Supervision, information are keys to theater safety

No local theater works with more children and teens than Easy Street Productions.

Dozens of minors fill the stage for its annual “Miracle on Easy Street” and many of its larger musicals.

As area theater groups evaluate their policies after several young women claimed they experienced everything from unwanted groping to statutory rape while performing at area theaters, Easy Street co-founder Todd Hancock said adult and parental supervision is key.

“People looking to take advantage of anyone, adults or young people, they like the dark,” Hancock said. “They like to do that when no one’s looking, thinking they can get away with it. That’s why we always try to be completely transparent. We have parents watch rehearsals. We have adults help us in the rehearsal process and when the show is running.”

Until the final week or so before show opening when everything is put together, children rehearse with children, dancers rehearse with dancers and adults generally rehearse with adults. Age-appropriate casting is practiced, and when older teens are cast with adult dancers for some numbers, Hancock said he will consult with the parents to make sure they are comfortable with the costumes their children will be wearing.

“They don’t even try it on until the parent looks at it,” he said.

The policies weren’t put in place in the mid ’90s to protect minors from sexual predators. Many were designed primarily to make rehearsals and performances run smoothly.

“But over the years, it’s proven to be the safest way to do things,” he said.

Grace Offerdahl is one of the women who shared her story online and with this newspaper, alleging she was sexually abused by an adult she met in theater when she was between the ages of 13 and 16. One theater where she never had a problem was Youngstown’s Rust Belt Theater Company, which she referred to as her “safe space.”

Rust Belt founder Robert Dennick Joki said it always has an organizational meeting before the first rehearsal, explaining what is expected of everyone involved.

“One of the things we talk about is having a zero-tolerance policy for any kind of predatory behavior,” he said. “I want to make sure everyone is comfortable coming to me with any kind of concern. At the earliest inkling, we can squash it. And if it’s just a misunderstanding, we can take care of that, too.”

Rust Belt is known for doing some risque material. Generally, the company doesn’t cast minors in those shows. If Joki is approached by a parent whose child wants to appear in “Living Dead: The Musical” or one of its other original shows, “I make sure they know what to expect, and we take extra precautions with the dressing room. … You have to have an open line of communication.”

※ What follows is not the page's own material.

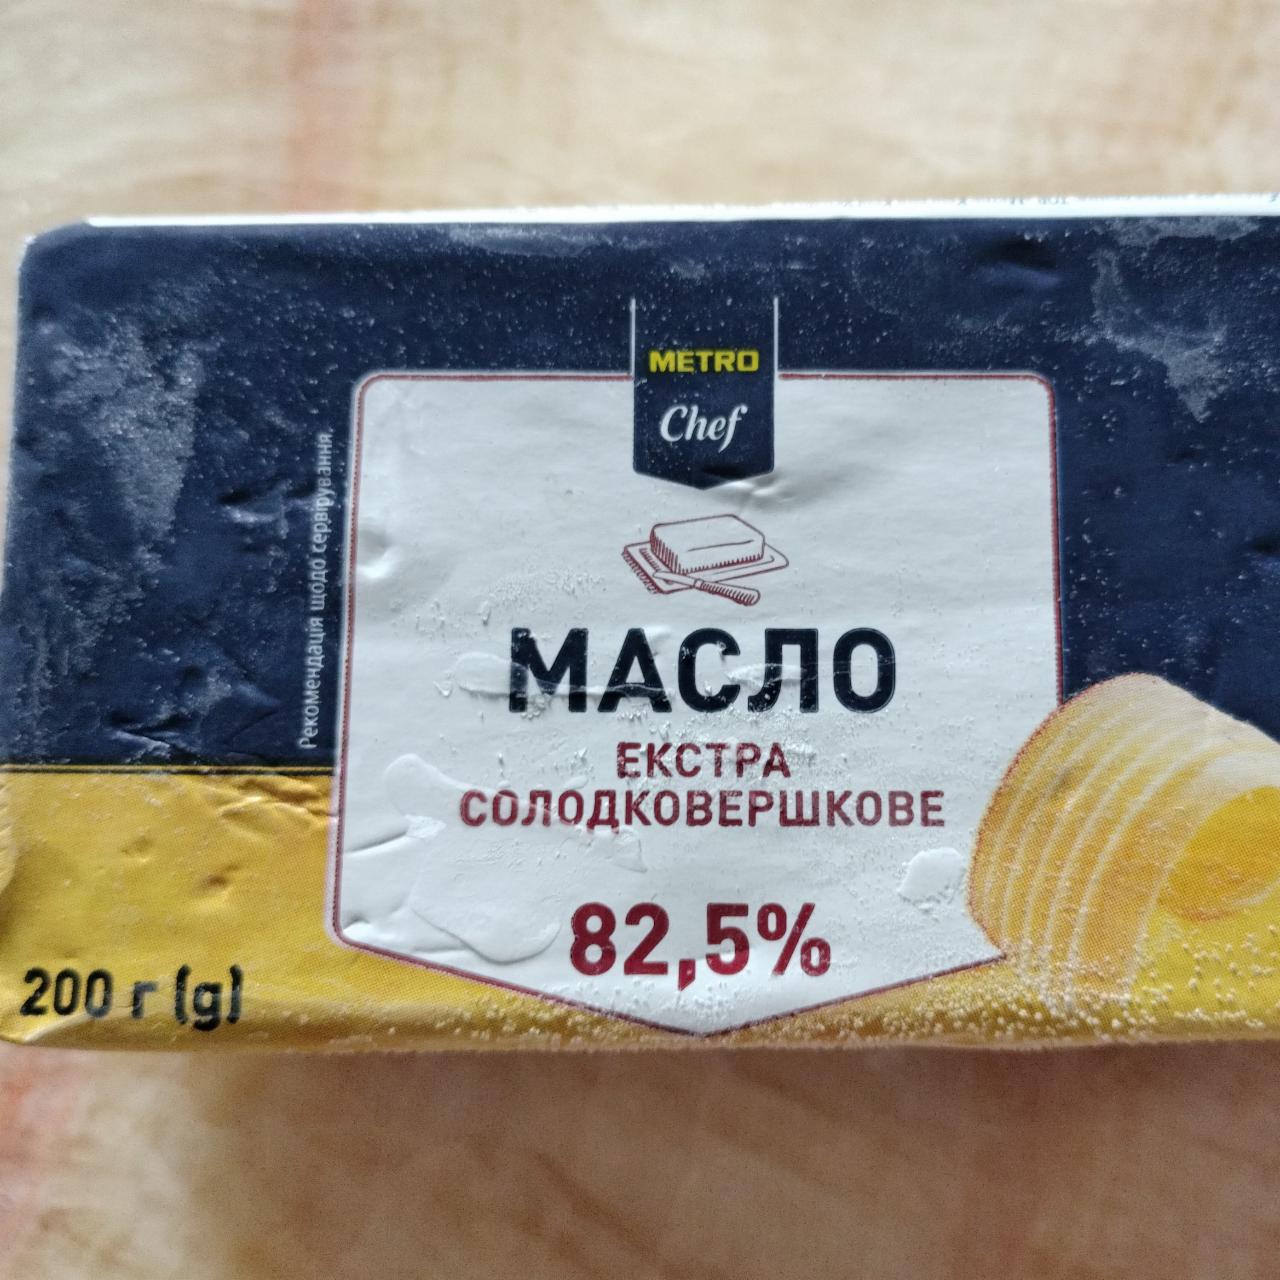 Фото - Масло солодковершкове 82.5% Екстра Metro Chef

Since the personal tales started appearing earlier this month, some theaters already have implemented changes.

John Cox, president of the Youngstown Playhouse board, said Tuesday, “Whatever needs to be done to break the cycle, we should do,” and the following day the Playhouse announced several additions to existing policies.

Youngstown’s Hopewell Theatre did not respond to a request for an interview, but the theater posted on its Facebook page a statement that included, “We at Hopewell have failed to address the wrongly permissive culture that puts young people, particularly but not exclusively girls and young women, in uncomfortable and potentially damaging situations, on stage and off. We acknowledge and regret that people have been hurt at Hopewell Theatre because of that laxness. That is completely unacceptable, and it will change starting now.”

Hopewell said it plans to adopt policies guided by the Chicago Theatre Standards Project, a 33-page document that addresses such issues as harassment, discrimination and bullying.

Lisa Bennett, treasurer of the Trumbull New Theatre board and a frequent director at the Niles theater, said it will address the issue at Monday’s board meeting.

“I don’t know that we’ve ever had a problem on that level (reported elsewhere),” she said. “When things have come up, we jumped on them right away and dealt with them. … I expect us to police our own. In my heart, that’s truly what I expect from the theater. I grew up in theater. I expect it to be a safe space.”

One thing Bennett and others would like to see come from this is that the different community theaters share information with each other.

“If someone screws up at one theater, they shouldn’t be able to come to TNT and audition,” Bennett said. “If there are problems, I need to know.”

Right now that information isn’t shared.

“Easy Street is kind of in a bubble,” Hancock said. “So often we’ve worked with the same leading people. Don’t always assume rumors about one person are floating to other theater companies. … I’ve seen people say guys keep getting cast even though they have a reputation. I hope that isn’t true. Speaking as director at Easy Street, no one is that talented. I don’t need anyone that bad. Bottom line, the most important thing is the safety of the cast.”